Она была сильно пьяна; по дороге домой они хором распевали песни, и Руфус рассказывал очень неприличные анекдоты. Анекдоты казались ей невероятно смешными, и она уже не стеснялась того, что фальшивит. Руфус обвил рукой ее талию и поддерживал, когда она спотыкалась. Уже почти стемнело, поэтому, когда они вышли на угол Махония-роуд, Фейт сначала не узнала мужчину, стоявшего перед дверью ее дома. Услышав за спиной смех и взвизгивания, он повернулся. Она прошептала: «Гай».
Руфус неуверенно покачнулся. Фейт привалилась к нему. Гай перешел на их сторону улицы.
— Я тут был поблизости и решил зайти, — сказал он. Фейт увидела, как он скривил губы, окинув взглядом ее и Руфуса. — Но вам явно не до меня.
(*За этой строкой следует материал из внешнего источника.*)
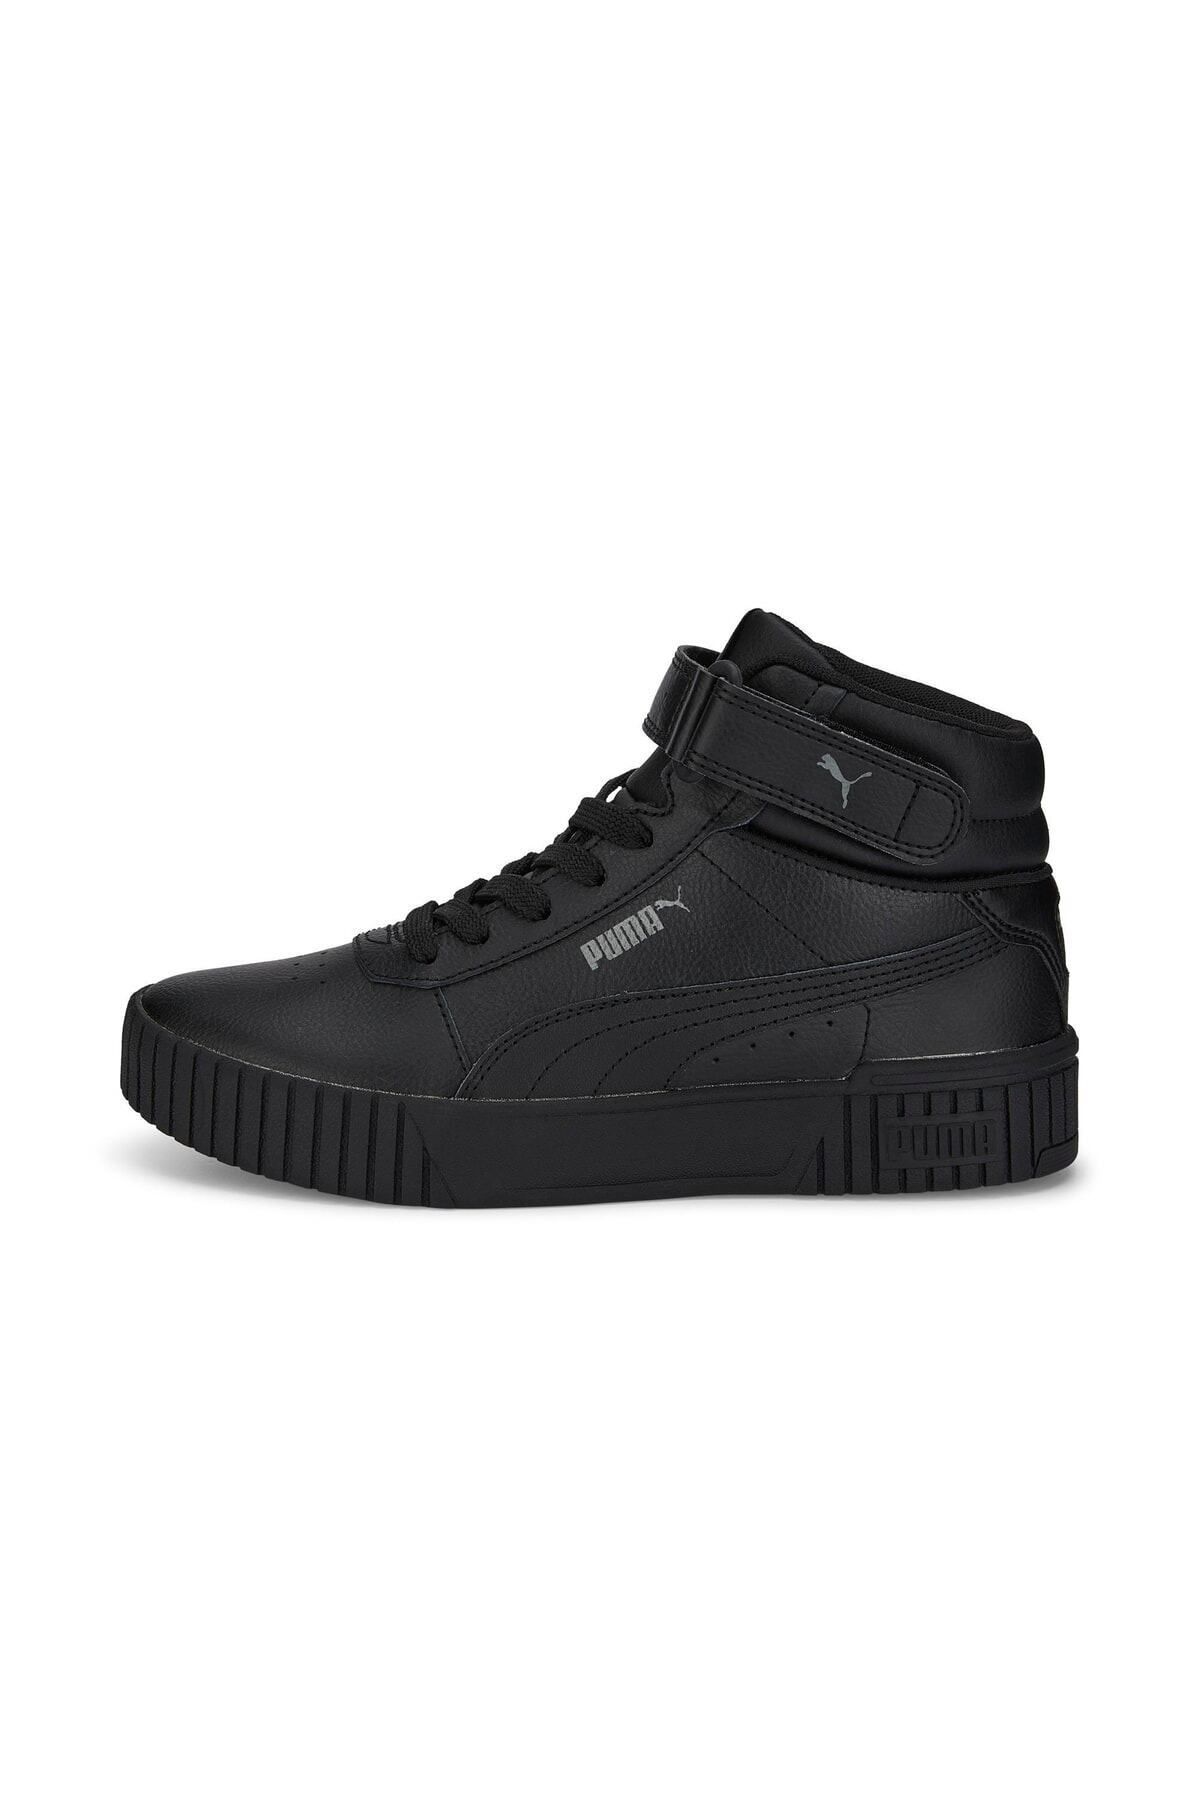 Puma Kadın Siyah Sneaker Confort New Spor Ayakkabı

Он повернулся и пошел прочь. Фейт тихонько ахнула и зажала рот рукой.
— Вежливый малый, — пробормотал Руфус.
Фейт повернулась к нему:
— Ну, мы идем домой?
Руфус вставил ключ в замок. Фейт взбежала наверх. Если бы у нее было время подумать, решимость покинула бы ее. У себя в спальне она расстегнула платье, и оно соскользнуло на пол. Руфус обхватил ее за талию и поцеловал сзади в шею. Она была рада, что единственная лампочка под потолком дает мало света и Руфус не видит, что комбинация на ней старенькая и застиранная. Он коснулся губами ямки между лопаток Фейт. Когда они были уже в постели, он помедлил и внимательно посмотрел на нее своими бархатными темными глазами:
— Ты ведь уже делала это раньше, а, Фейт?
— Ну конечно.
Она ожидала ощутить экстаз или ужас и была разочарована. Когда все было кончено, Фейт испытала облегчение: она перешла мост и оставила жизнь, которую уже переросла, позади.
Джейк успел перетанцевать с десятком девиц, одну или двух поцеловать и выпить уйму великолепного шампанского Бруно. Разыскивая туалет, он, спотыкаясь, обошел дом, заглядывая во все двери. Лак и позолота роскошно обставленных комнат что-то напоминали ему, но не Ла-Руйи: эта разнузданная пышность ничем не походила на увядающее величие Жениного замка. Джейк старался не думать о том, что сталось с Ла-Руйи, затерянным в полосе оккупированной зоны, которая протянулась по всему западному побережью Франции.
У него за спиной раздался голос:
— Любуетесь декором? На мой взгляд, чересчур затейливо. У меня от этой красоты через некоторое время начинает болеть голова.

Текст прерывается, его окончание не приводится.